Vous me direz : pour une suite qui n'admet qu'une seule d'adhérence, cette valeur d'adhérence c'est alors sa limite ? Oui, c'est bien le cas (sous certaines conditions qui dépassent le cadre de ce billet).

Espace métrique, suite, suite extraite, valeur d'adhérence, limite... Ces notions, que nous nous sommes "seulement" acharnés à définir jusqu'à présent, se retrouvent réunies sous le même énoncé. Et c'est là qu'intervient l'idée de démonstration en mathématiques : il s'agit d'établir pourquoi cet énoncé est vrai (1), comment les propriétés des uns viennent entrer en résonance avec les propriétés des autres pour faire que tout ceci se tient.

Je ne souhaite pas ici détailler la démonstration, juste en venir à la réflexion que je me suis faite, comme un point de vue : finalement, la mathématique définit moult objets, les manipule, les met en relation et ces relations sont cimentées dans des énoncés qu'on démontre afin d'établir leur véracité, afin de pouvoir s'appuyer sur eux pour créer d'autres objets, démontrer d'autres énoncés.. En fait, le mathématicien oscille sans cesse entre la fabrication d'objets, dont il a l'intuition en en manipulant d'autres, et le façonnage du ciment entre ces objets, par la conception d'énoncés les reliant, par la démonstration établissant leur véracité. La brique espace métrique se pose à côté de celle de la suite, dessus on pose celle de la valeur d'adhérence, de la suite extraite et de la limite puis la démonstration vient jointoyer le tout : ça tient.

Finalement, le mathématicien est comme un maçon de l'abstraction.

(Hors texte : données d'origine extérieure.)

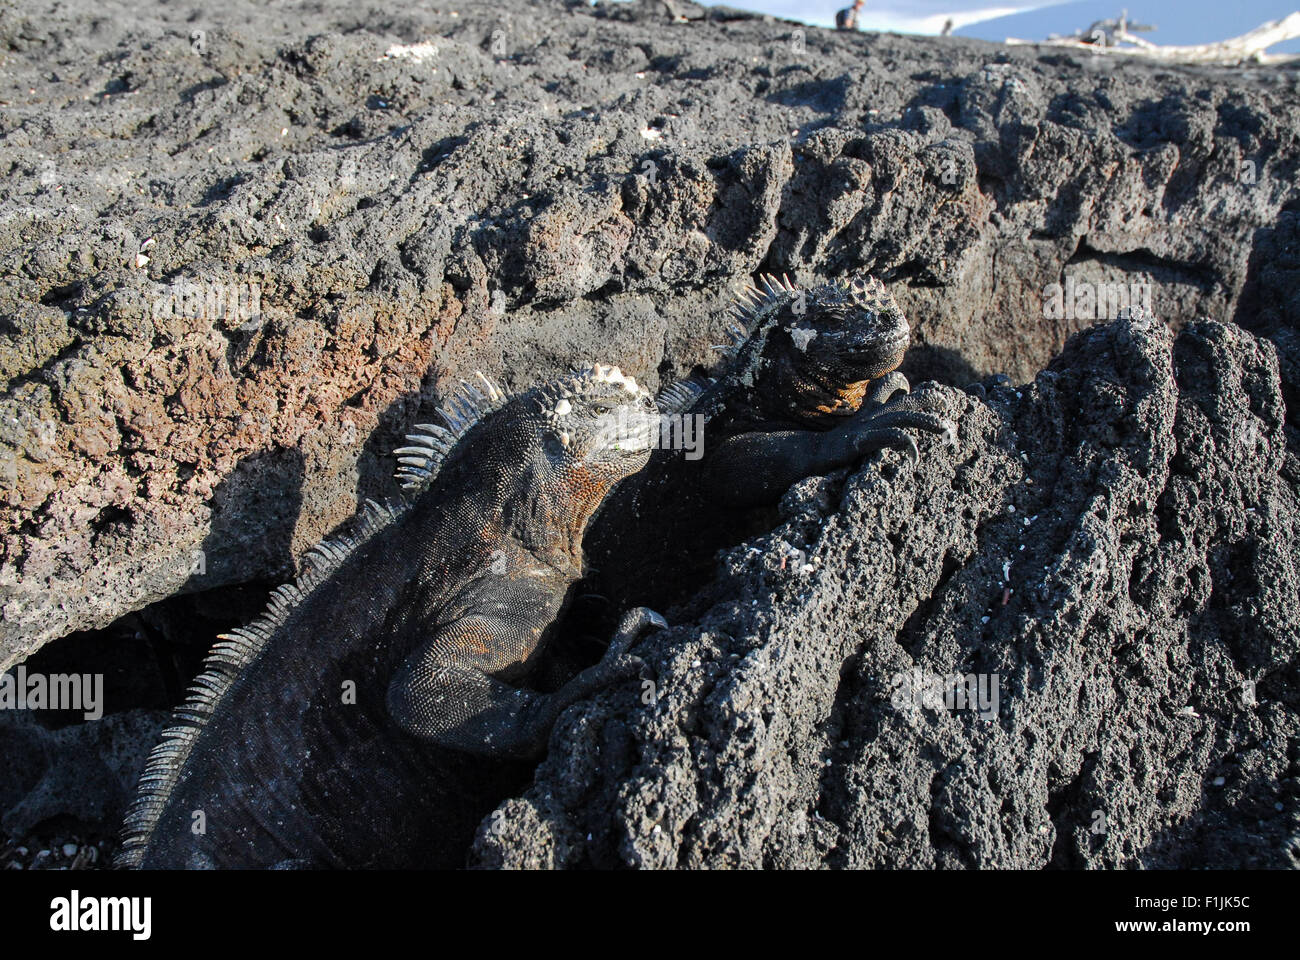 large-marine-iguanas-sunbathing-on-rough-lava-rocks-galapagos-islands-F1JK5C.jpg
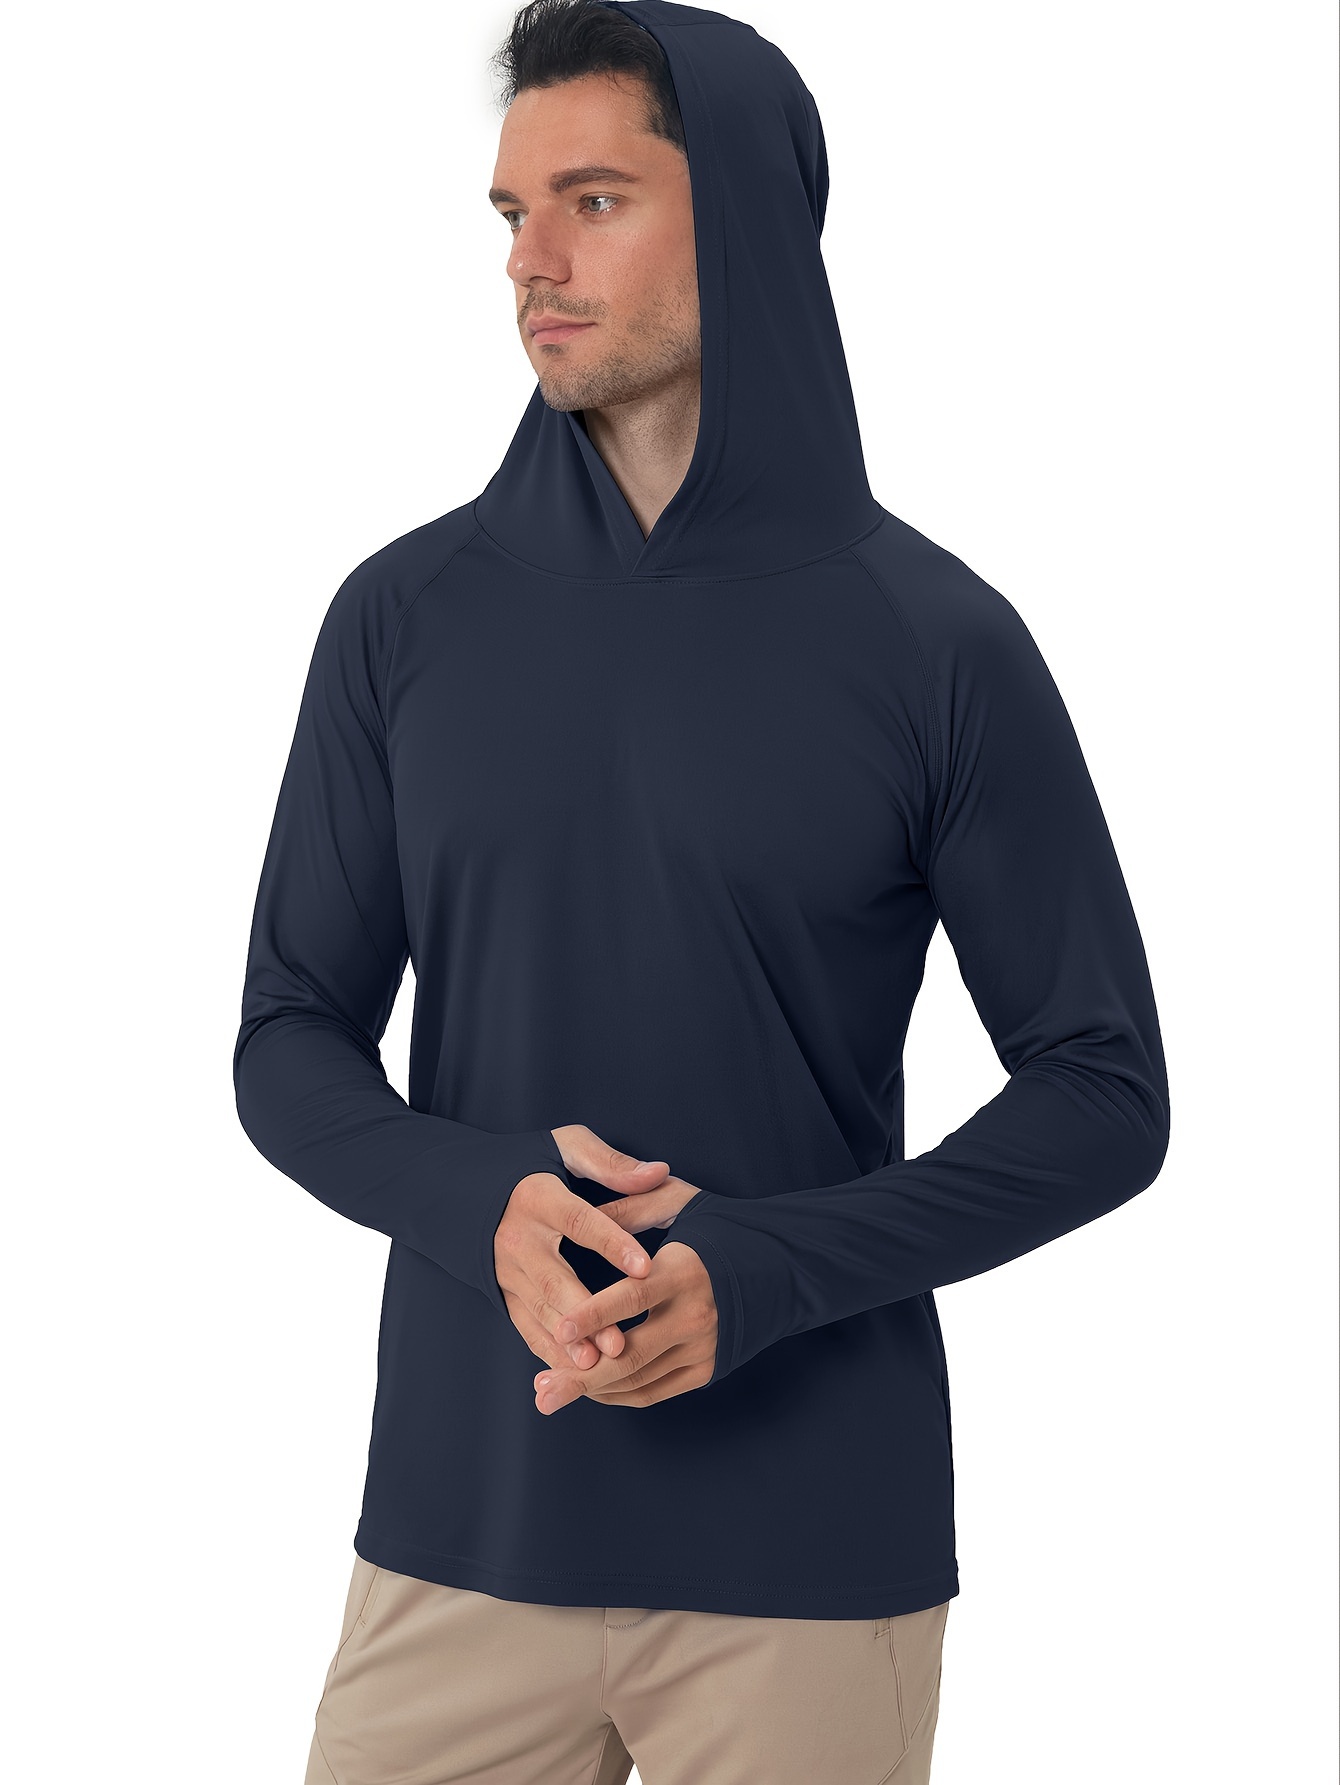 Men's Upf 50+ Sun Protection Hoodie Shirt Long Sleeve Rash Guard Fishing SPF Outdoor UV Shirt Lightweight

(1) La notion de véracité en mathématique est elle aussi relative, elle s'établit dans une certaine théorie (voir par exemple ici pour un petit voyage dans la génèse des mathématiques modernes), théorie définissant des postulats de base (des axiomes) comme des fondations sur lesquelles s'établit toute construction. En d'autres termes, ce qui est vrai (c'est-à-dire établi logiquement) dans une certaine théorie peut être faux dans une autre.